In deep autumn or early winter, with the onset of cold weather or with the establishment of deep snow cover, the animals unanimously return to the upper zone of the mountains, to the area of selected and pre-prepared dens, within a few days. At this time, bears walk along paths that take the shortest route to the den area. Other animals also move along these paths throughout the year.
Trails are no less important in the life of large predators that do not hibernate during the winter. Thus, according to the observations of one of the authors, D. G. Pikunov, tigers, regardless of age and gender, in 80 - 90% of cases lay their routes along roads or along old animal trails. Only when hunting can they move outside the trails. However, tigers prefer to search for their victims while moving along trails. Sometimes certain sections of the trail are used by only one animal. In particular, this is the case where the predator passes many times to lie down or take cover. Along other paths, stretching, for example, along a long ravine or watershed ridge, a male and a female with tiger cubs walk. A single female walks several kilometers behind them. Sometimes a young male appears on the same path, but he tries to avoid meeting an adult male.
For tigers, which lead a mostly solitary lifestyle, the main purpose of the trails is indirect communication between individuals. They also need trails in order to conveniently approach feeding areas, watering places, resting places, etc. For animals leading a herd lifestyle, the main purpose of trails is to serve as a convenient way to satisfy their vital needs (grazing, watering holes, salt licks, rutting areas).
It is known that many animals, especially in winter, love to walk along roads and paths made by humans. However, these human paths are based on animal paths. They were initially laid by animals in places that were most convenient for movement, rich in food, watering holes, mud baths, well blown by winds, and where there were fewer midges. These places are also convenient for nests, shelters, and dens necessary for breeding offspring. Then a man came to these places, he hunted, fished, and engaged in other crafts. The paths became, as it were, no longer animal, but human. Then the path turned into a road along which you could move on a sleigh or cart.
There are numerous paths that a female boar with piglets makes from the hain to the feeding places, to the stream from which they drink. In the habitats of wild boars there are trees they love, on which they itch. These “combs” can be used by wild boars for many years and change greatly as a result (see Fig. 99). Well-marked paths lead to them.

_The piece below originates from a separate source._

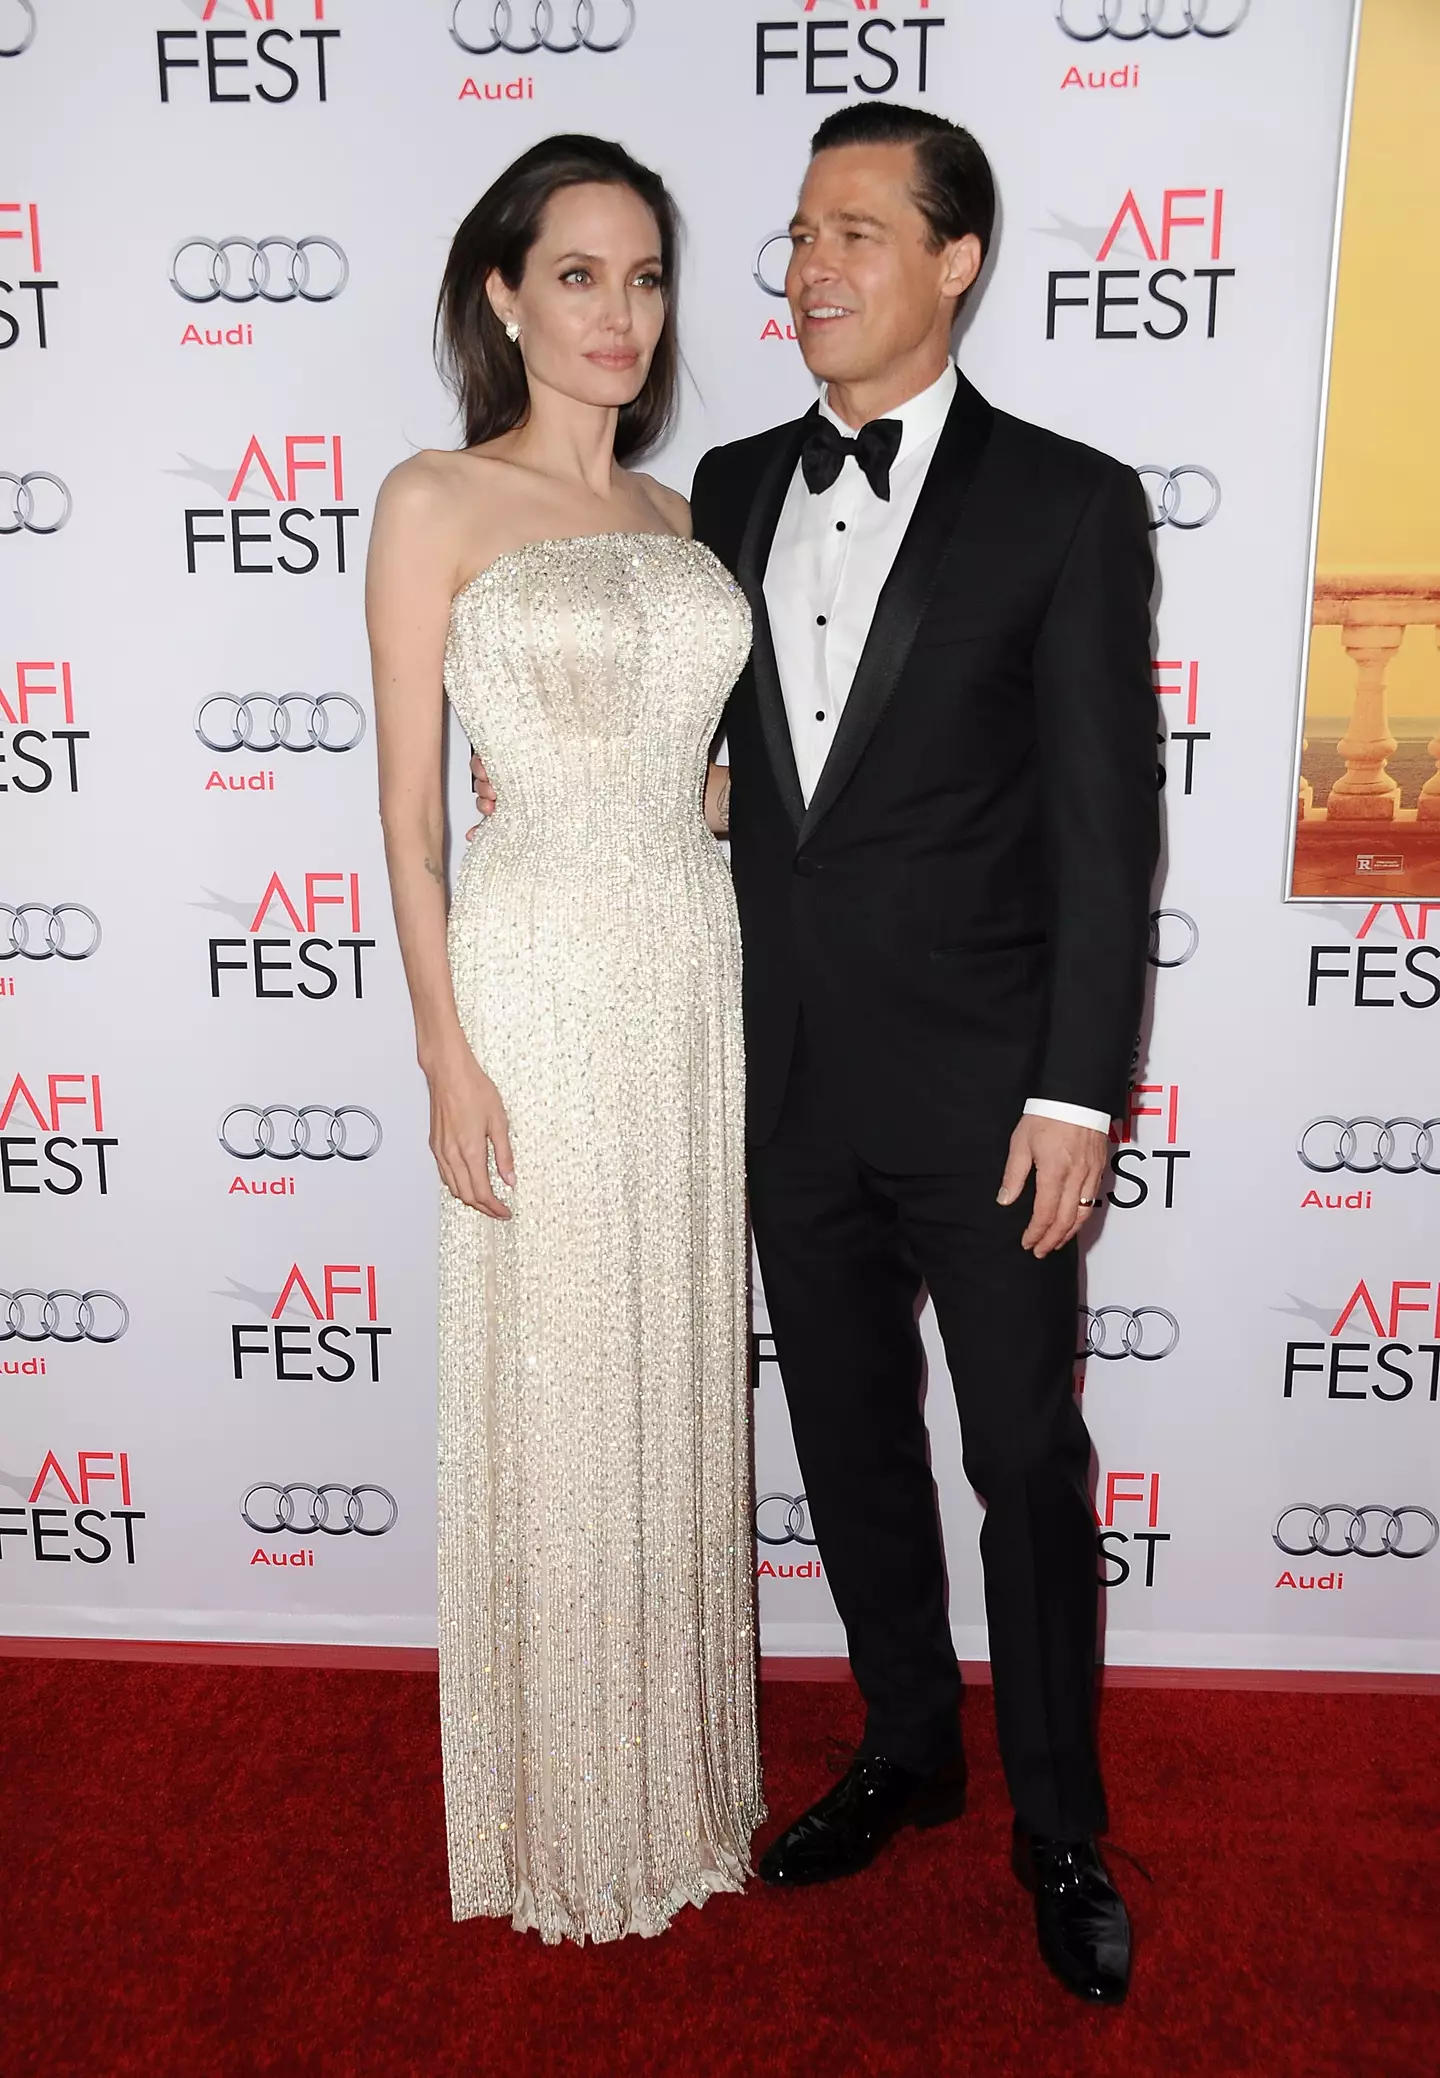 Brad Pitt and Angelina Jolie divorced in 2016.

Sometimes temporary paths are trampled by a bear, which, having killed a large animal or found carrion, walks towards the prey until it eats it all (see Fig. 115).

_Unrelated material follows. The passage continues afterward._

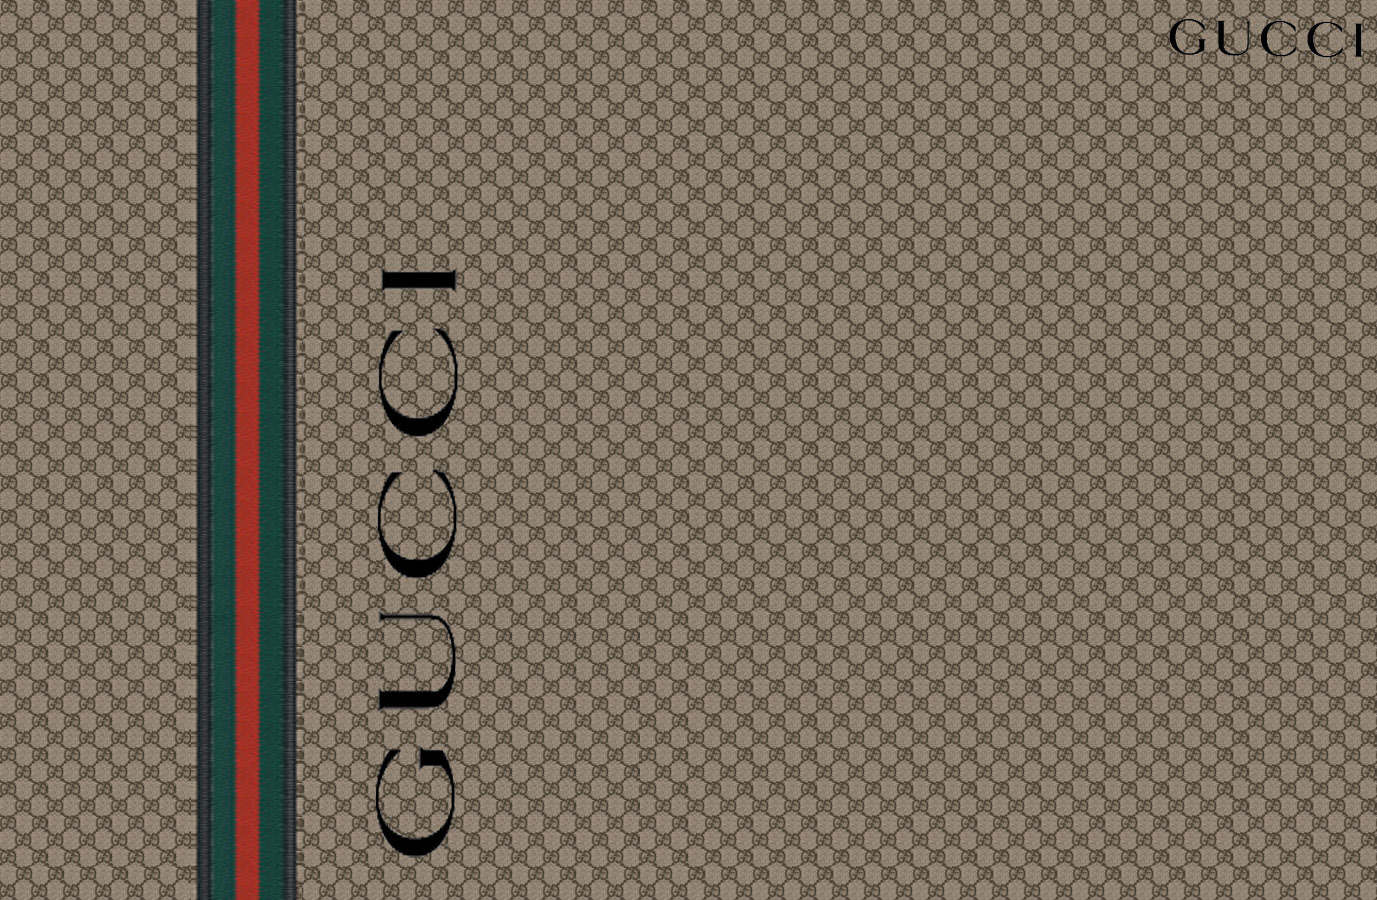 50 Gucci Print Wallpaper On Wallpapersafari

Seasonal migrations are vital for animals both for food and for breeding. If they are deprived of their ability to migrate, this could lead to their extinction. However, sometimes it happens that people, by constructing roads, oil and gas pipelines, block the migration routes of animals. This, for example, happened during the construction of roads and canals that crossed the migration routes of saigas. The needs of animals were not taken into account during the construction of the BAM. Correcting such mistakes is more difficult than preventing them, but they must be corrected in the name of preserving nature.